To make further progress, let us assume that the background extinction rate is some constant $r$ . Let us furthermore assume that transition risk $ϵ (t) = 1 - α (t)$ decreases exponentially, so that $\frac{d ϵ (t)}{d t} = - κ ϵ (t) .$ We then find that at the optimal time to deploy our superintelligent system, $ϵ (t_{o}) = \frac{1}{1 + \frac{κ}{r}} .$ Because the extinction risk $ϵ (t)$ monotonically decreases in our model, $ϵ (t_{o})$ also represents the greatest possible transition risk we should be willing to take: if ever we find that $ϵ (t) < \frac{1}{1 + \frac{κ}{r}},$ then we should deploy the superintelligent system, and otherwise should wait.

To get a feel for what kind of risk we should be willing to take, let us assume that the AGI deployment risk decreases by 10% per year and that the baselines extinction rate is 0.1% per year (so that $κ = 0.1$ and $r = 0.001$ ), then we find that $ϵ (t o)) = \frac{1}{101} \approx 1 %$ .

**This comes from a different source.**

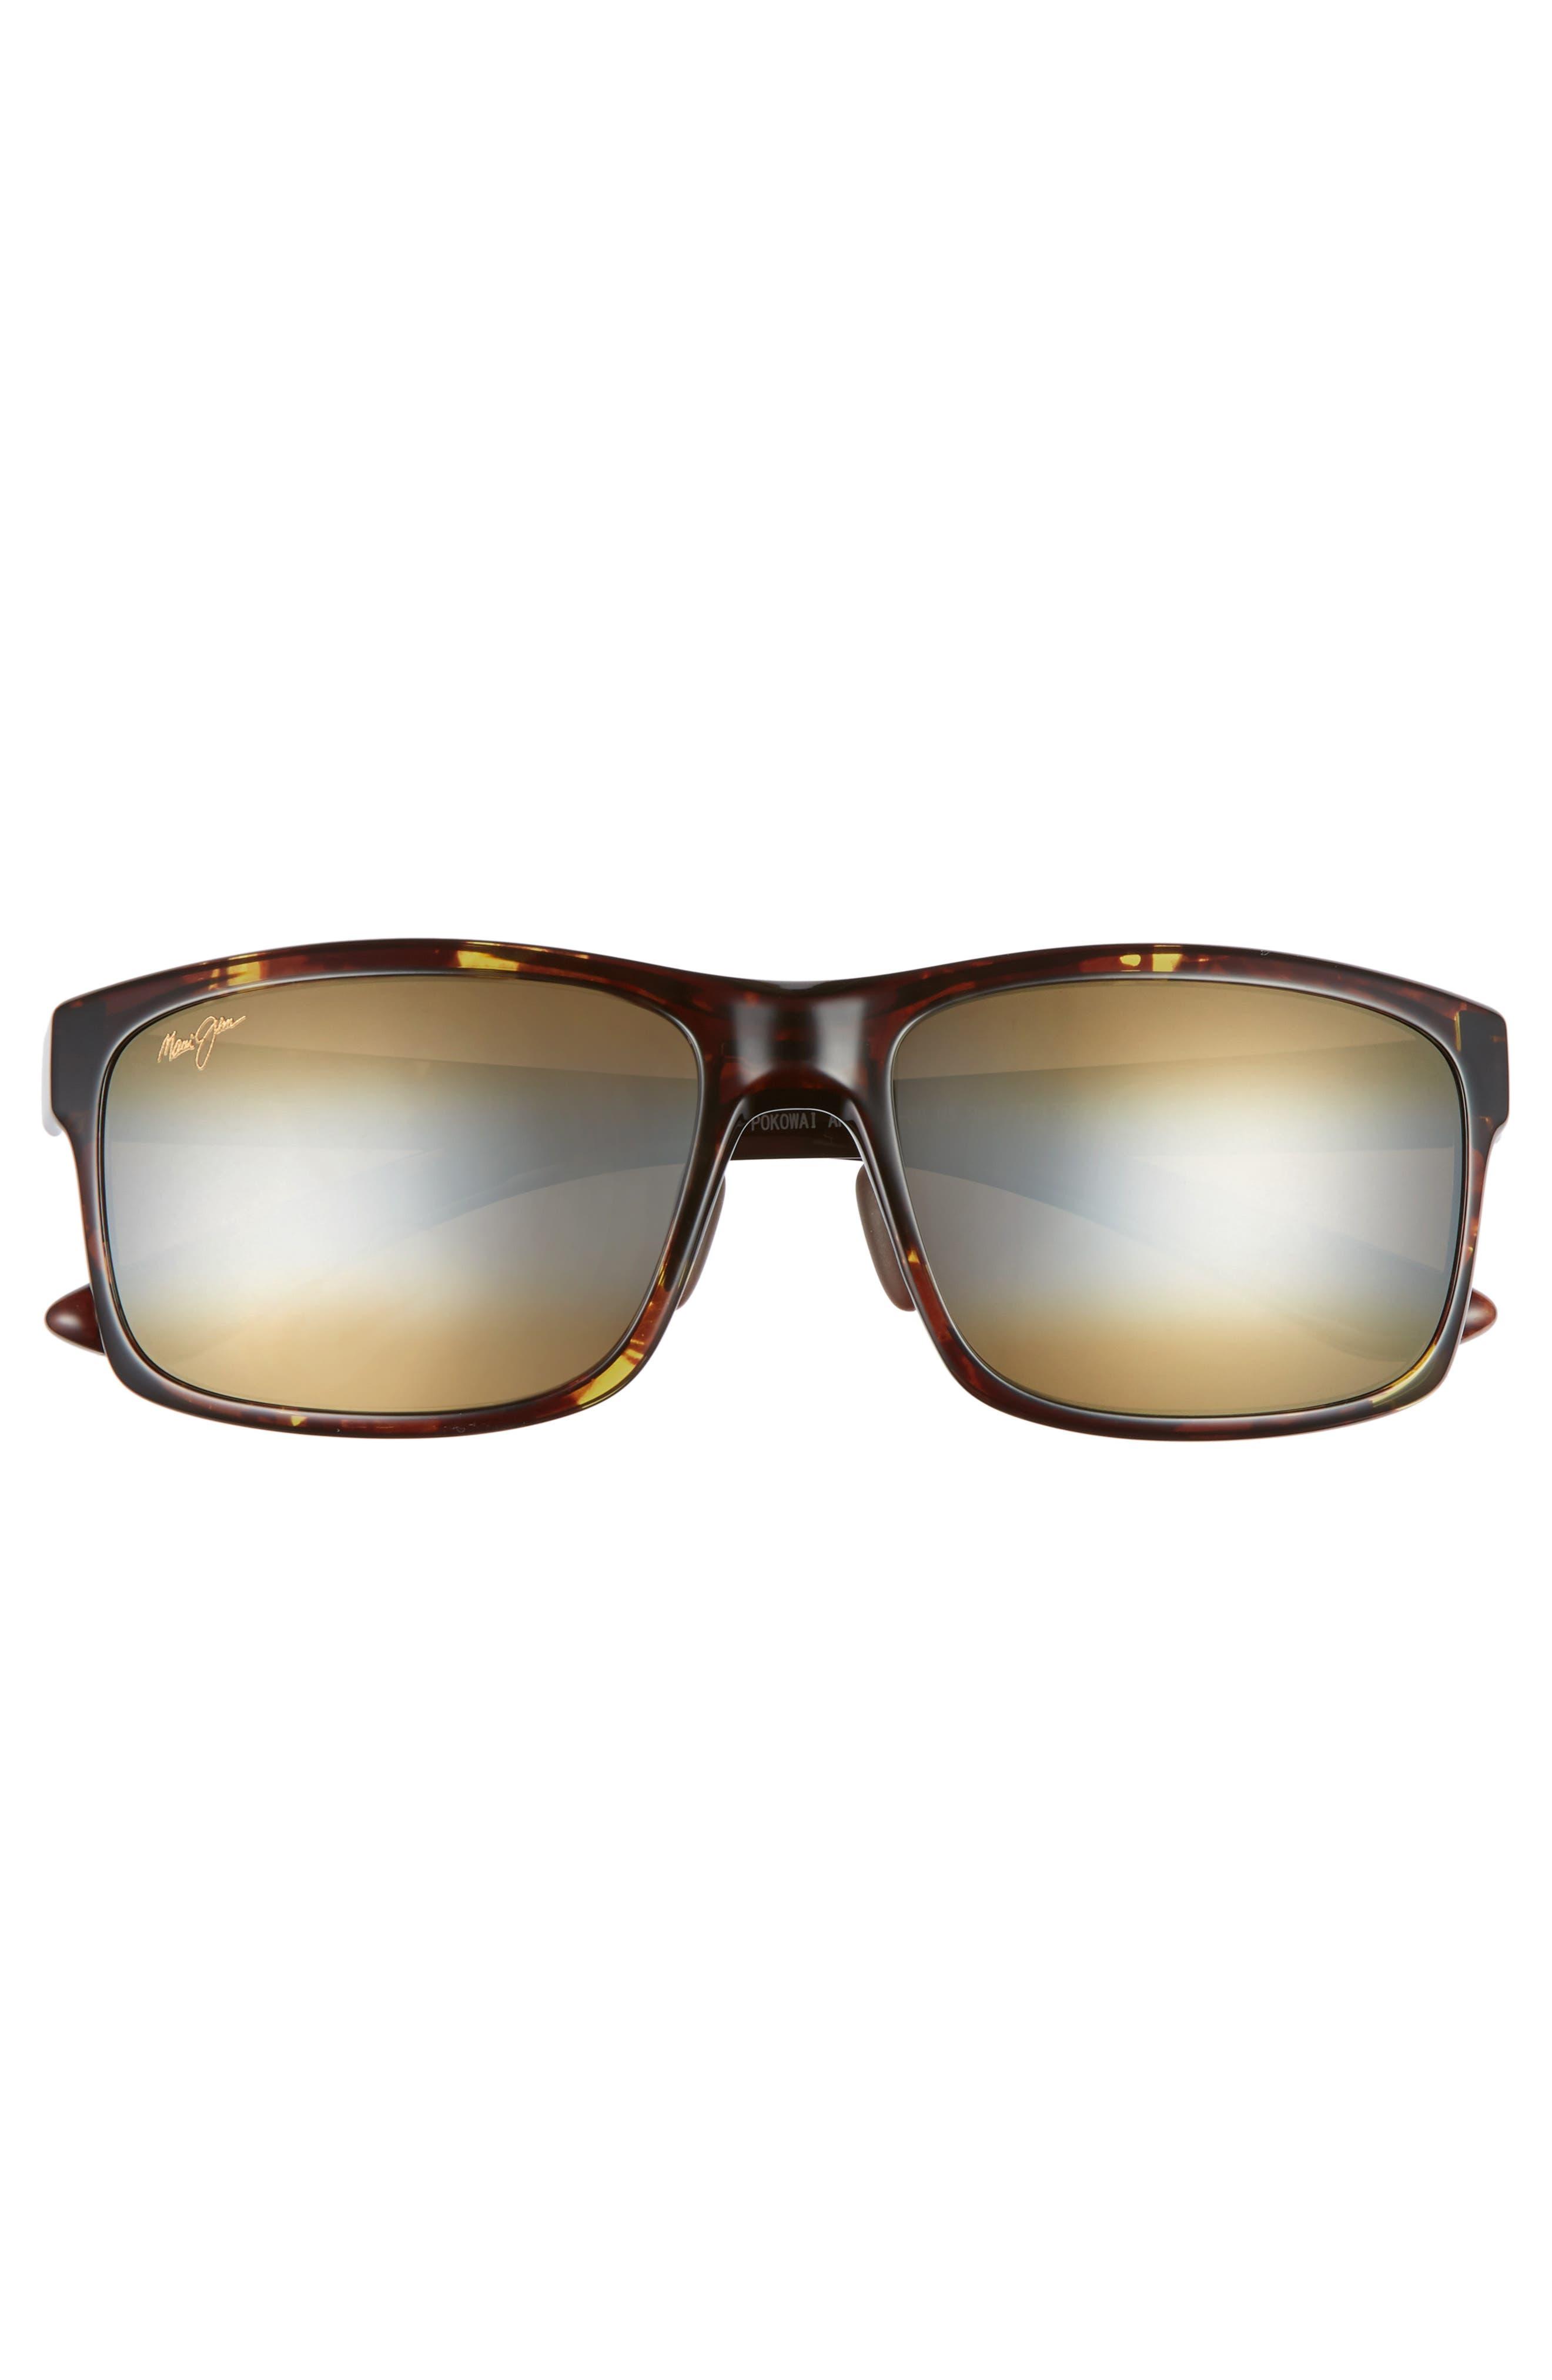 Pokowai Arch 58mm Polarized Sunglasses,                             Alternate thumbnail 2, color,                             Olive Tortoise/ Bronze

So far we have been thinking of $r$ as the background rate of extinction for all humanity. Most actors, however, are probably more interested in their own survival (or, at least, the survival of their ideals or descendants) than in the survival of humanity more broadly. For such actors, the value of $r$ they will work with is necessarily larger than the background extinction rate for humanity, and will therefore be willing to take larger risks than is optimal for humanity. For instance, a government threatened by nuclear war might take $r$ to be closer to $1 %$ even in relatively peaceful times, and so (again taking $κ = 0.1$ ) would in this model be willing to deploy a superintelligent system when $ϵ (t_{o}) = \frac{1}{11} \approx 9 %$ . Because individual actors may be willing to take larger gambles than is optimal for humanity, our model exhibits a “risk compensation effect”, whereby publically spreading a safety technique may actually increase existential risk, if it reduces $ϵ$ to below the value for which a selfish actor might rationally deploy the system, but above the value for which it is rational for humanity to deploy the system.

Conclusion

My aim here has been to develop a model to explore the optimal time to build a potentially dangerous superintelligent system. Act too quickly and the superintelligent system might be more dangerous than necessary; but if we wait too long we may instead expose ourselves to background risks that we could have used our superintelligent system to avoid. Hence, the optimal time to build a superintelligent system depends not only on the risk that such a system causes extinction, but also on both the background extinction risk and on the rate at which we can improve the safety of our superintelligent systems. While any quantitative estimate of the optimal AI risk to accept is necessarily very speculative, I was surprised by how easily risks on the order of a few percent could turn out to be a rational gamble for humanity. Rather worryingly, selfish actors who value their own survival should be willing to take even riskier gambles, such that spreading AI safety techniques may not always reduce existential risk.

Acknowledgements

I’m grateful to Abigail Thomas, Owen Cotton-Barratt, and Fin Moorhouse, for encouragement, discussions, and feedback.

↩︎
This categorization of risks is introduced by Nick Bostrom in Superintelligence, although he uses the term step risk rather than transition risk used by Toby Ord in Chapter 7 of The Precipice.
↩︎
In essence this means that we are ignoring the possibility that some “win-states” might be better much better than others, and are assuming that the value of the win-state is so great that additional pleasure or suffering which occurs before the win-state can be ignored.
↩︎
This is only true locally. In some cases it is possible that after waiting a sufficiently long time, $P (t)$ will increase again, leading to an overall increase in the probability that humanity survives.